8-K 1 ctasform8-kamendedandresta.htm 8-K Document


UNITED STATES
SECURITIES AND EXCHANGE COMMISSION
Washington, D.C. 20549
 
FORM 8-K

Current Report
Pursuant to Section 13 or 15(d) of the
Securities Exchange Act of 1934

Date of Report (Date of earliest event reported) May 24, 2019
Cintas Corporation
(Exact name of registrant as specified in its charter)
 
Washington
 
0-11399
 
31-1188630
(State or Other Jurisdiction
of Incorporation)
 
(Commission File Number)
 
(IRS Employer
Identification Number)
6800 Cintas Boulevard, P.O. Box 625737,
Cincinnati, Ohio
 
45262-5737
(Address of Principal Executive Offices)
 
(Zip Code)

Registrant’s telephone number, including area code: (513) 459-1200

Check the appropriate box below if the Form 8-K filing is intended to simultaneously satisfy the filing obligation of the registrant under any of the following provisions:
o
Written communications pursuant to Rule 425 under the Securities Act (17 CFR 230.425)
o
Soliciting material pursuant to Rule 14a-12 under the Exchange Act (17 CFR 240.14a-12)
o
Pre-commencement communications pursuant to Rule 14d-2(b) under the Exchange Act (17 CFR 240.14d-2(b))
o
Pre-commencement communications pursuant to Rule 13e-4(c) under the Exchange Act (17 CFR 240.13e-4(c))

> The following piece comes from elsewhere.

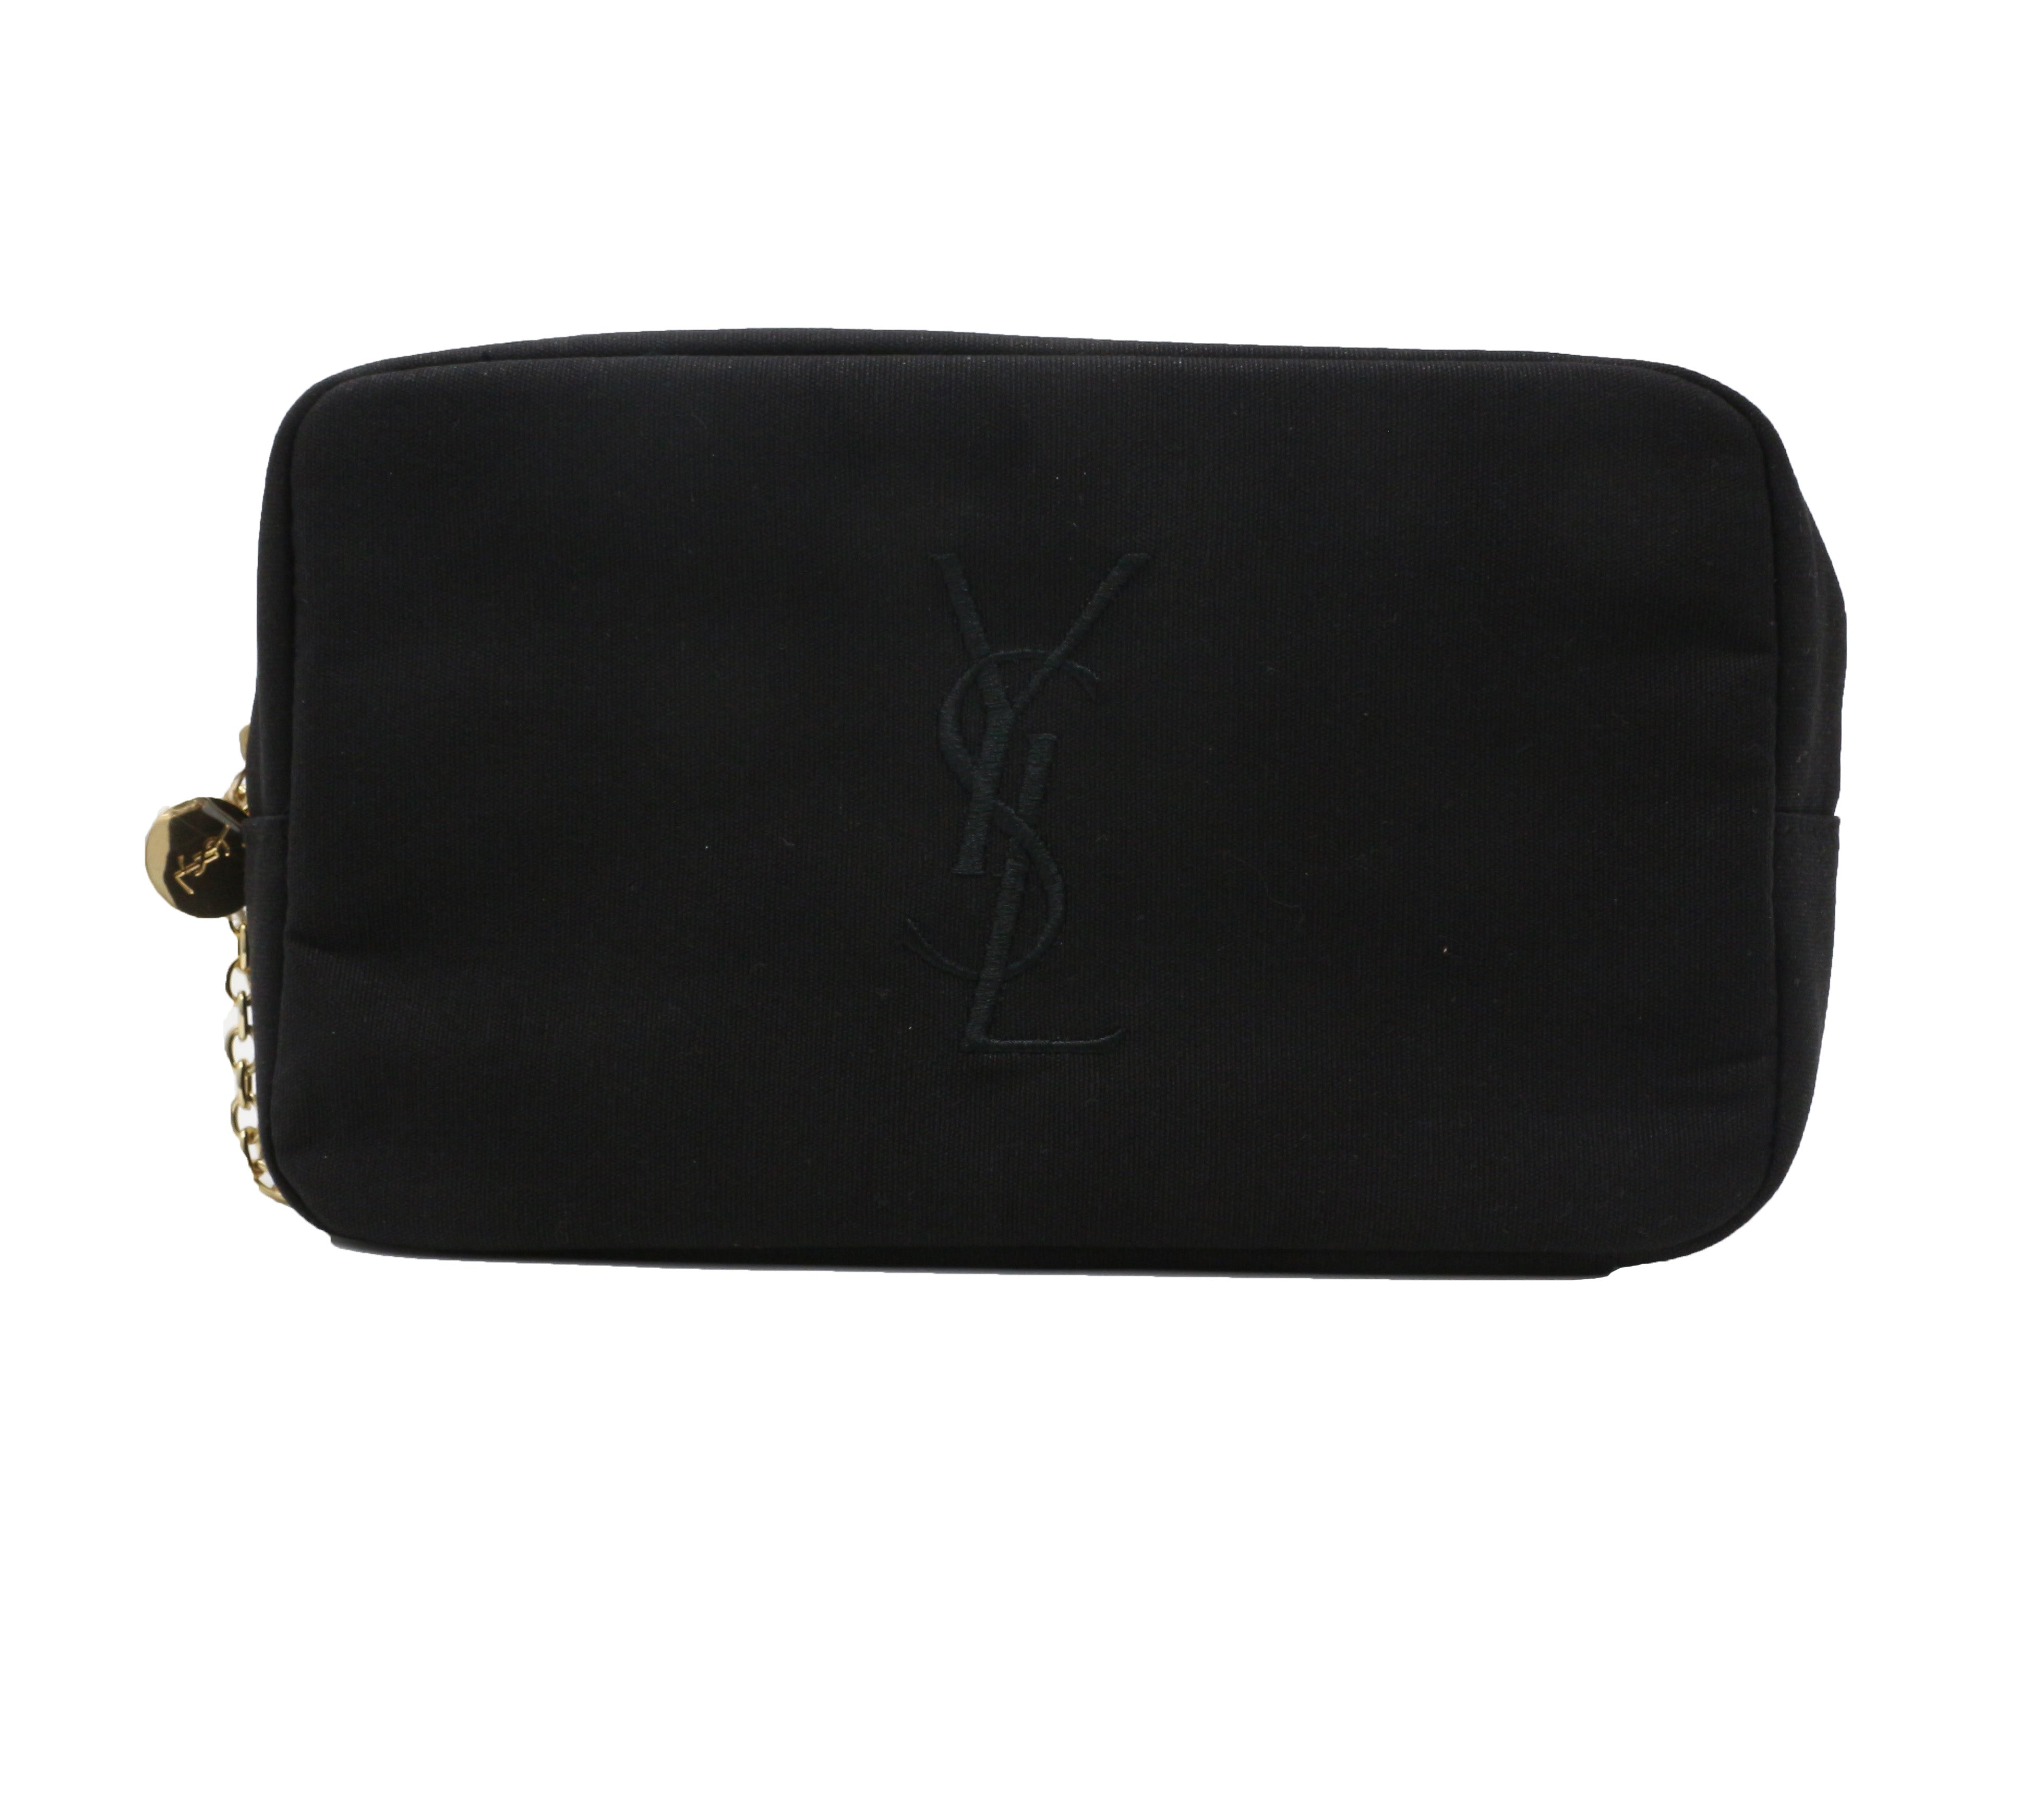 Yves Saint Laurent Pouch Makeup Cosmetic Bags

Securities registered pursuant to Section 12(b) of the Act:
Title of
each class
 
Trading
 symbol(s)
 
Name of each exchange on
which registered
Common stock, no par value
 
CTAS
 
The NASDAQ Stock Market LLC
 (NASDAQ Global Select Market)
Indicate by check mark whether the registrant is an emerging growth company as defined in Rule 405 of the Securities Act of 1933 (§230.405 of this chapter) or Rule 12b-2 of the Securities Exchange Act of 1934 (§240.12b-2 of this chapter).
Emerging growth company o
If an emerging growth company, indicate by check mark if the registrant has elected not to use the extended transition period for complying with any new or revised financial accounting standards provided pursuant to Section 13(a) of the Exchange Act. o





Item 1.01.    Entry into a Material Definitive Agreement.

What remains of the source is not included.